• _Given entries_
______

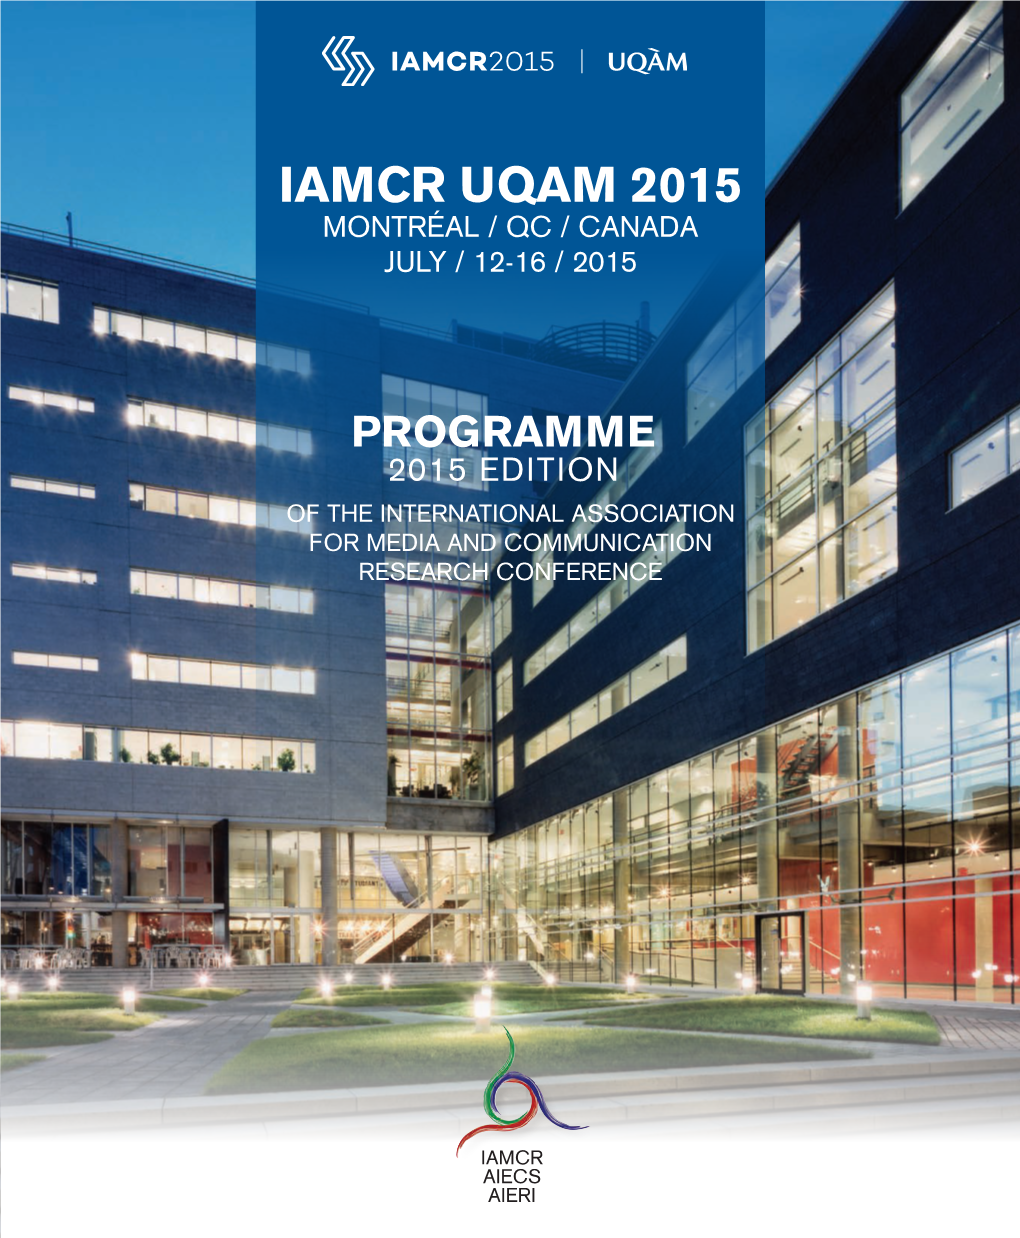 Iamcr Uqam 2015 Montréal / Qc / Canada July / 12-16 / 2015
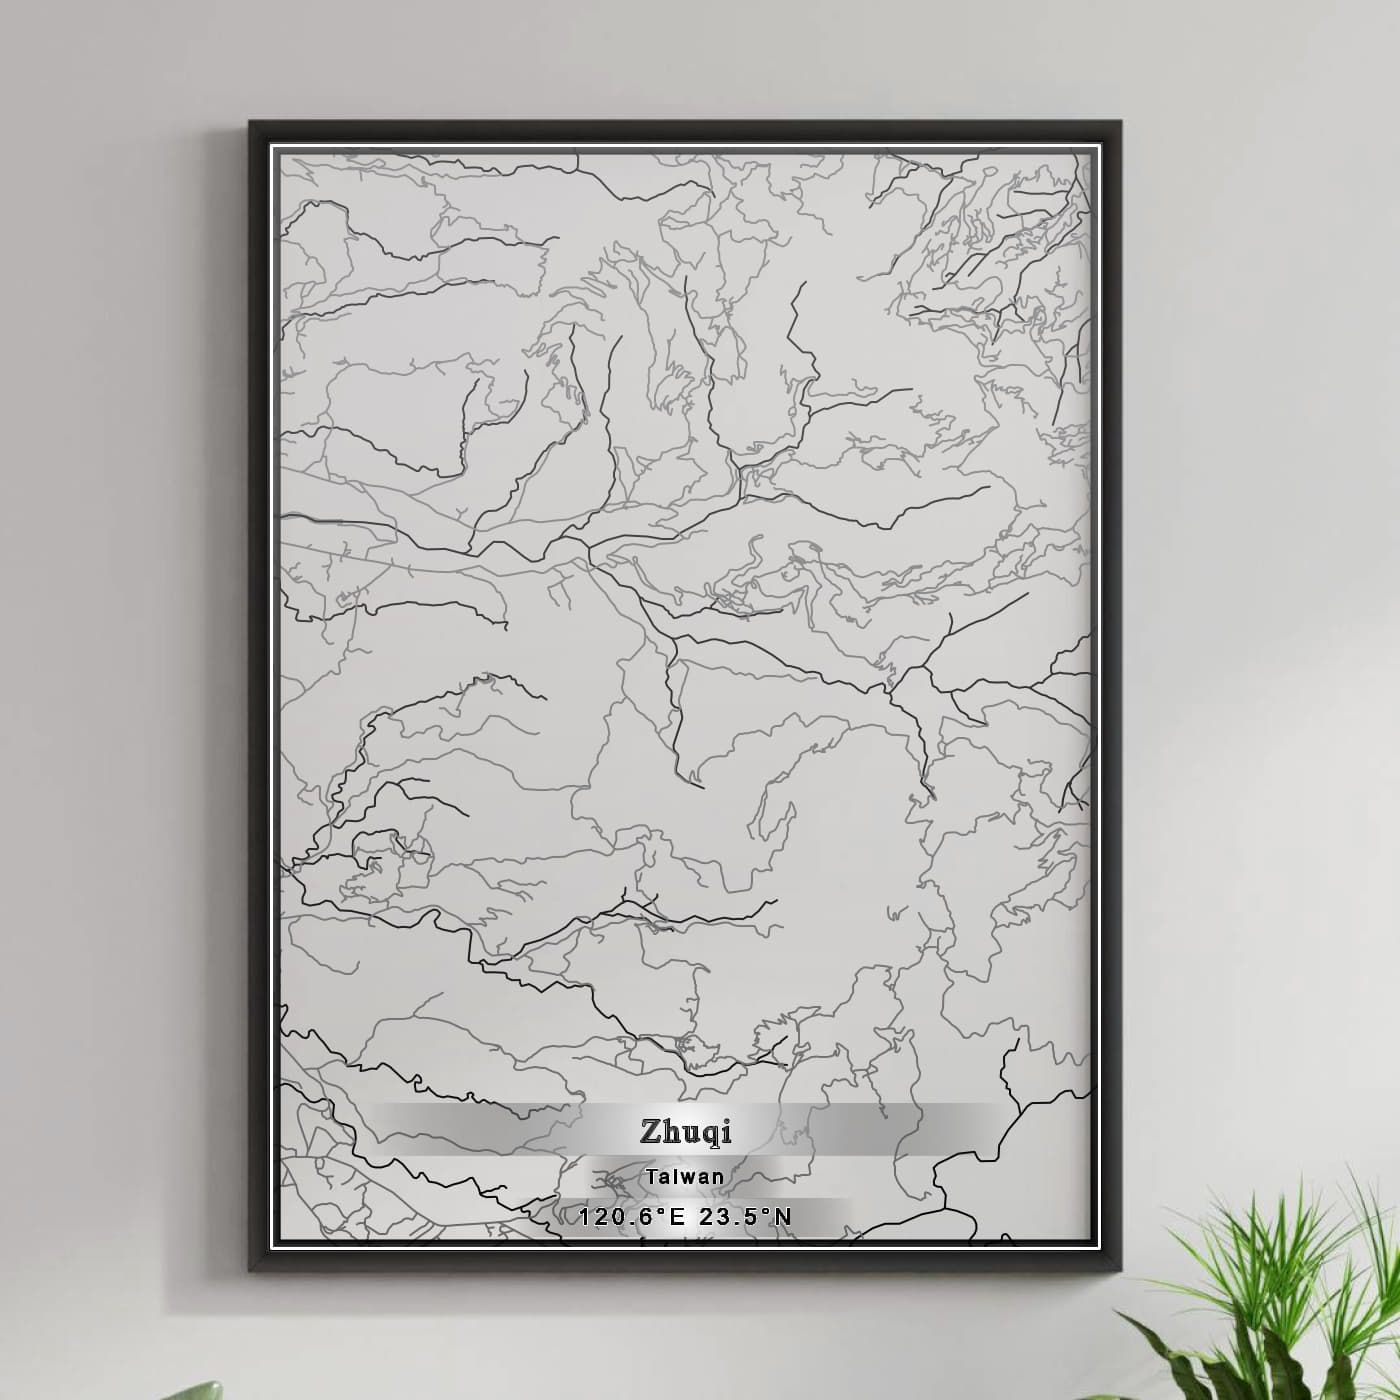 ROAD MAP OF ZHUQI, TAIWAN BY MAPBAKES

______

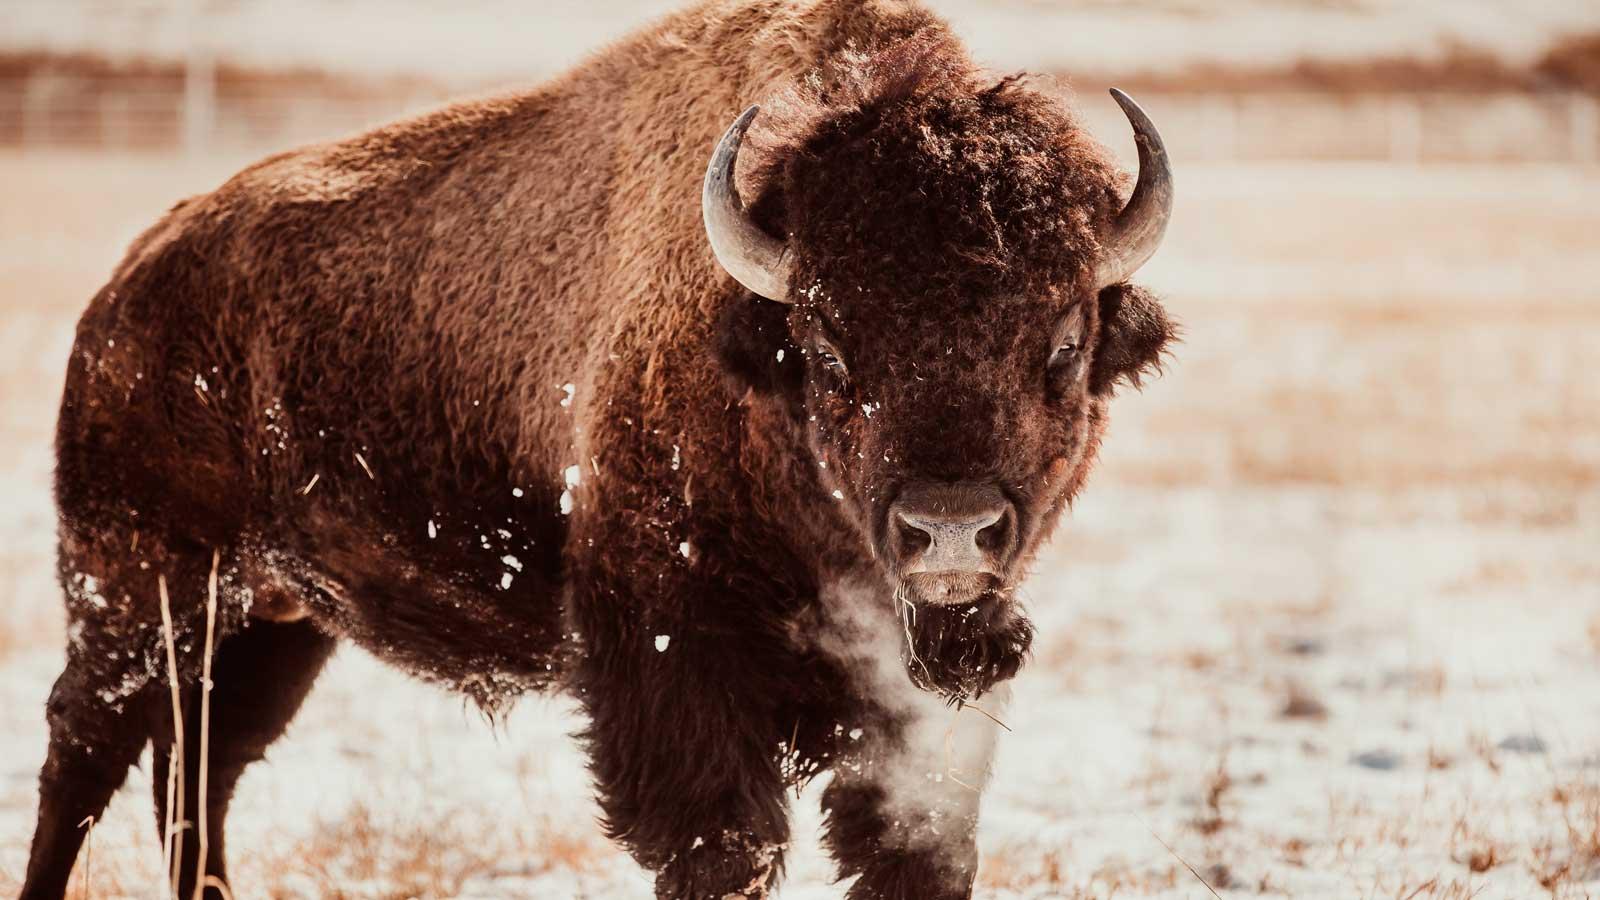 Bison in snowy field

______

Starting at the line containing "Iamcr Uqam 2015" and stopping at the line containing "ROAD MAP OF ZHUQI, TAIWAN BY MAPBAKES", output each line exactly as it appears above. Leave out the pictures.

 Iamcr Uqam 2015 Montréal / Qc / Canada July / 12-16 / 2015
 ROAD MAP OF ZHUQI, TAIWAN BY MAPBAKES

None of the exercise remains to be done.